I think that if we truly understood it, we would elevate play, and see it as a way through. - DR. DEBORAH MACNAMARA
KIDS NEWS & REVIEWS: How do we play with our kids online?
DR. DEBORAH MACNAMARA: It can be as simple as focusing on what you like to play. Even just talking about things you find engaging – maybe you like to read the same kinds of books. Sharing information could be considered play for a child.
KIDS NEWS & REVIEWS: I would also like to ask you about staying informed and educated as a family. I guess this is necessary but not to the point where we are terrifying ourselves and our kids. How much do you recommend that we share with them?
DR. DEBORAH MACNAMARA: I think that every parent will intuitively get a sense of what their child should or could manage this way. Understanding that the important needs are not information but again, a parent leading and saying, “This is what we do, and if this changes, we’re going to have to change this too.” I don’t get into the science of mask wearing with my kids. It’s more leading with something like, “This is what we have to do. This is the deal. Do you guys feel comfortable with that?” That’s as far as I take it with them. It’s about being a leader and relaying that, I accept responsibility for taking care of you, and this is what comes with it and I care how they feel and will take care of them this way too.
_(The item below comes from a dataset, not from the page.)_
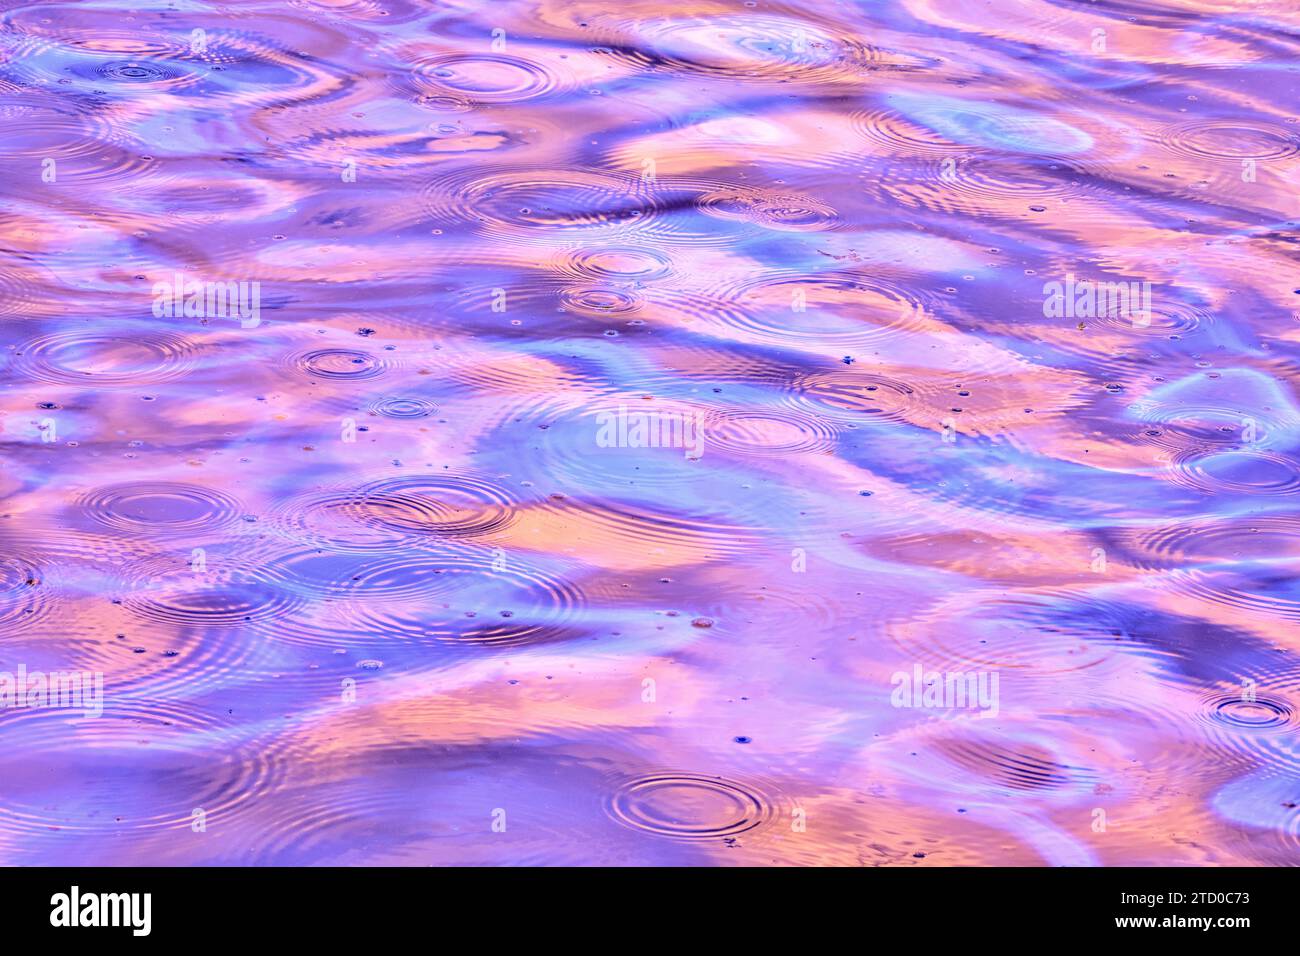 Una scena tranquilla caratterizzata da increspature su una superficie d'acqua, inondata di tonalità surreali di viola e rosa che riflettono una fonte di luce invisibile. Foto Stock

And I am not going to be afraid to lead with my own decisions. I know parents who have made different decisions than me, and I respect that. They’ve had to take care of their family in their own way. There’s a caring parent who’s in charge there, which to me, is the critical thing here.
KIDS NEWS & REVIEWS: Thank you so much Dr. Deborah MacNamara, for spending the time to answer all of these questions. This has given us a lot of think about and play with. I understand now the importance of checking in with ourselves to see if we have our caring before proceeding to problem solve and sometimes even communicate with our kids. How about when we are lacking confidence then and not just feeling frustrated. What can we turn to in those times to regain our confidence?
DR. DEBORAH MACNAMARA: Whatever it is that helps you get back on your feet. This can be as simple as having someone to talk to. If it’s just having a hand from someone in a way where they say, “Keep going. I believe in you.” I just think if you look at your child as being needy and relying on you, that you’ll find what you need inside of you. It’s in everybody. It’s not like it isn’t there. Sometimes it just gets buried under a lot of our own emotions. So go and find a way to release those emotions and I am confident that you’ll uncover this for yourself.